Beta: AWS CLoudWAN Support

Enhancement: Network Visibility Report

The network visibility report now includes a summary of activity.

Enhancment: GCP Load-Balancer

GCP now uses a single load-balancer for both TCP and UDP traffic. By streamlining the the work to a single load balancer, configuration and maintenance tasks are simplified which reduces the complexity of your network infrastructure and improved resource utilization.

Fixes

The following fixes are included in this release:

• Improves FQDN object matching functionality.

• Improves general performance.

Features

The following feature is included in this release:

• Support for OCI real-time discovery events.

Fixes

The following fixes are included in this release:

• Improved report generation in event batching to support up to 250K for pagination.

• Fixes an issue where session summary events configured for No Log Action continued to generate a logged event. With this fix there is no event logged when this configuration is selected.

• Fixes an issue where syslog forwarding did not include all logging types.

• Updated the list of permissions required for connecting to an OCI account.

Features

The following features are included in this release:

Site-to-Site VPN Tunnel Connections

You can now create site-to-site VPN tunnel connections with the following cloud service providers and platforms:

• Amazon Web Services (AWS)

• Microsoft Azure

• Google Cloud Platform (GCP)

• Cisco ASA managed by Cisco Defense Orchestrator

  Multicloud Defense Gateways

• Extranet devices

Use a Multicloud Defense Gateway as either endpoint, or create an environment where Multicloud Defense Gateway acts as both endpoints. Secure your gateways with either a BGP or IPSec profile to finetune the configuration for your specific environmnent. See Site-to-Site VPN Tunnel Connection for more information.

Dynamic Object Sharing

You can now share, create and deploy, and modify objects that are shared with different platforms and immediately have any changes identifed and updated.
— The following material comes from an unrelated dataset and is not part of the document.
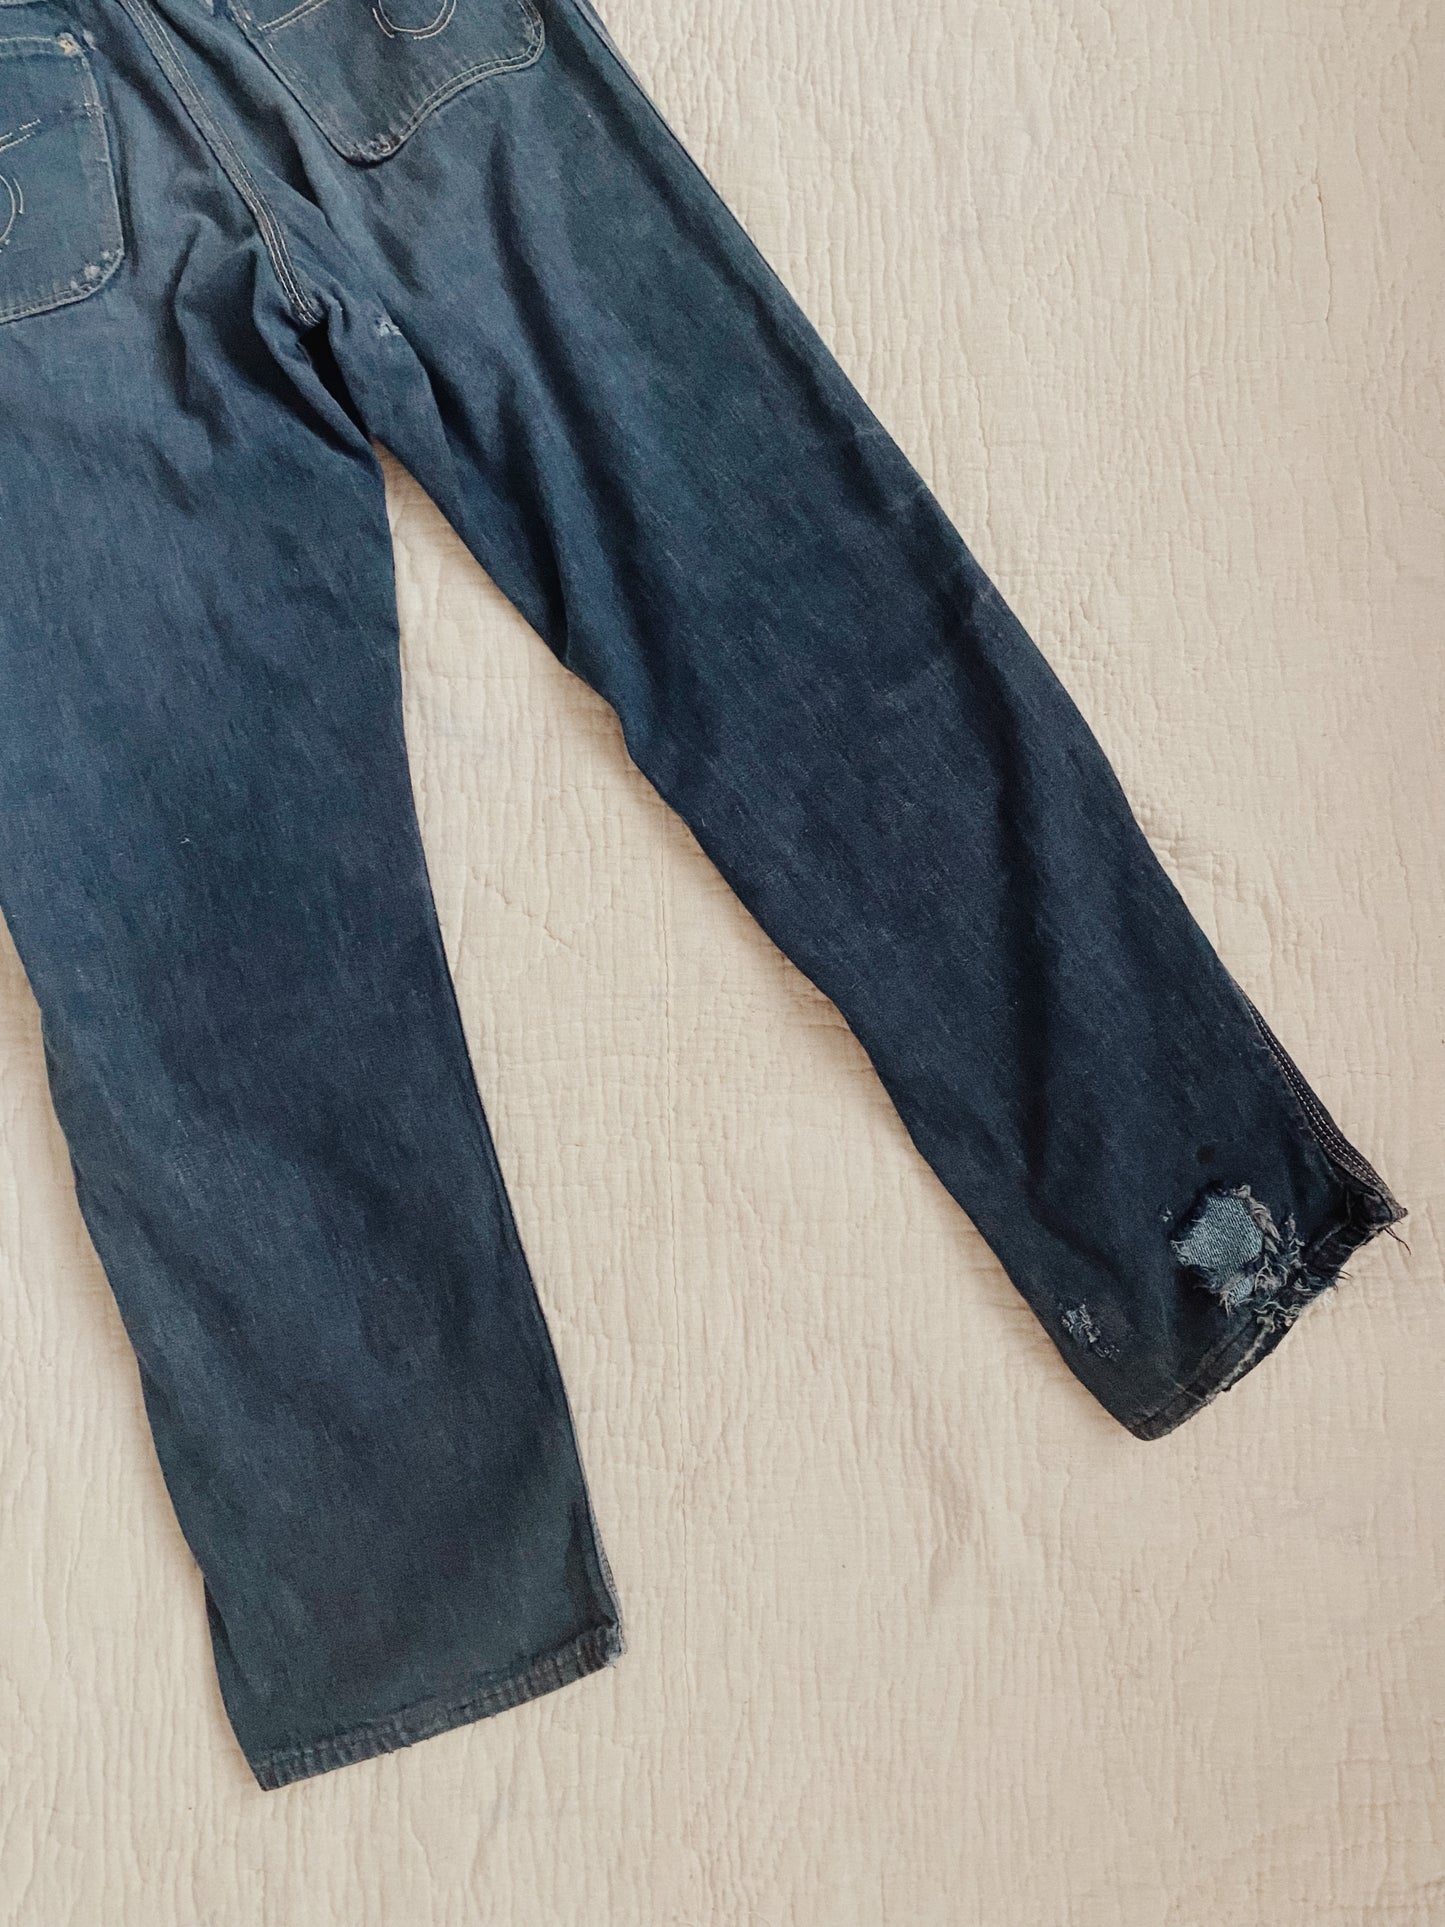 1950s Women’s Key High Waisted Denim Jeans- 29

See Shared Objects for more informaiton.

Azure NAT Gateways

You can now create a service VPC with the intention of attaching it to a Network Address Translation (NAT) gateway in an egress Azure deployment. See Egress Gateways for more information.
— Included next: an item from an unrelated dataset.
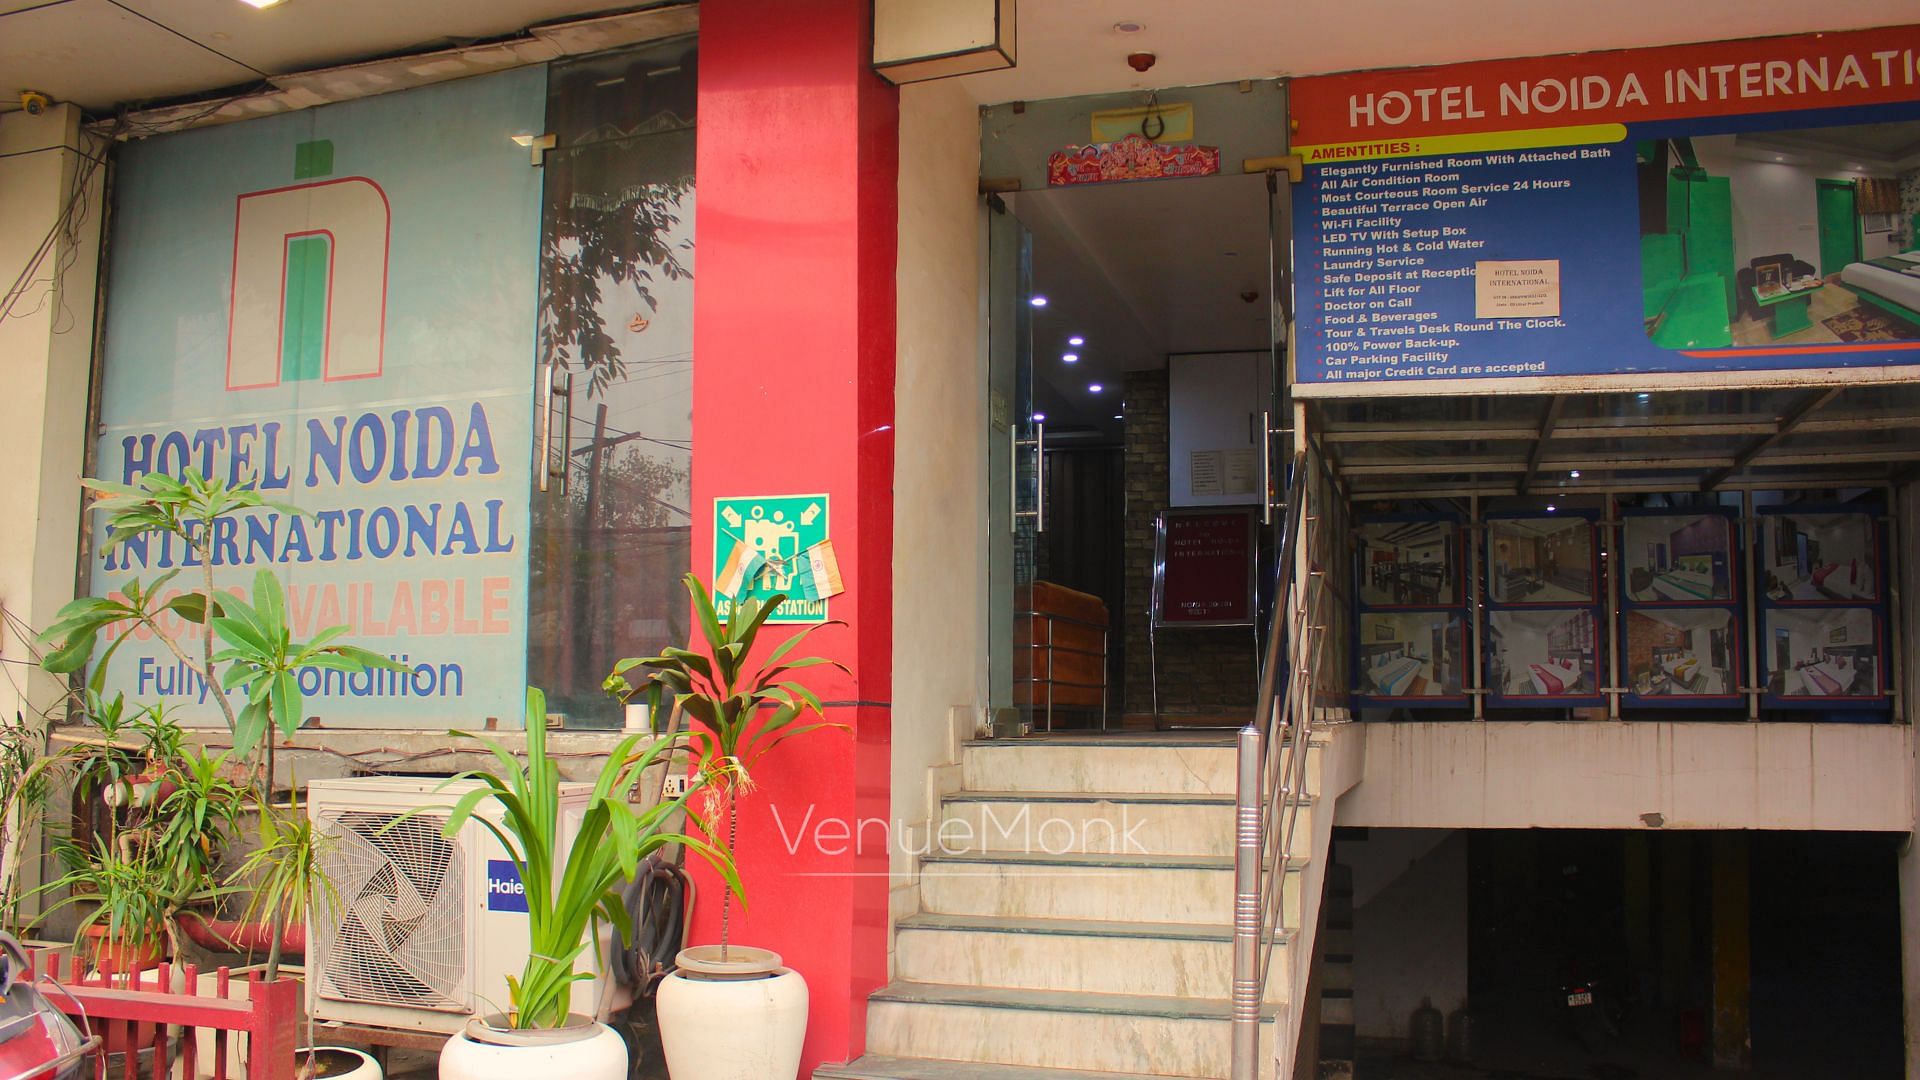 Hotel Noida International in Sector 11, Noida

Use an Azure Load Balancer in Your Gateway

You can now opt to use a load balancer created in the Azure dashboard instead of the the load balancer that Multicloud Defense provides when you create a gateway. See Advanced Gateway Configuration: Use Your Own Load Balancer for more information.

Miscellaneous

• Performance improvements.

• Operational improvements.

• Bug fixes and stability improvements.

Features

The following features are included in this release:

Hybrid Cloud

• (Private Preview) Site-to-site VPN (requires Multicloud Defense Gateway version 24.02 or later).

Orchestration

• Cross-Subscription Spoke VNet protection (Azure).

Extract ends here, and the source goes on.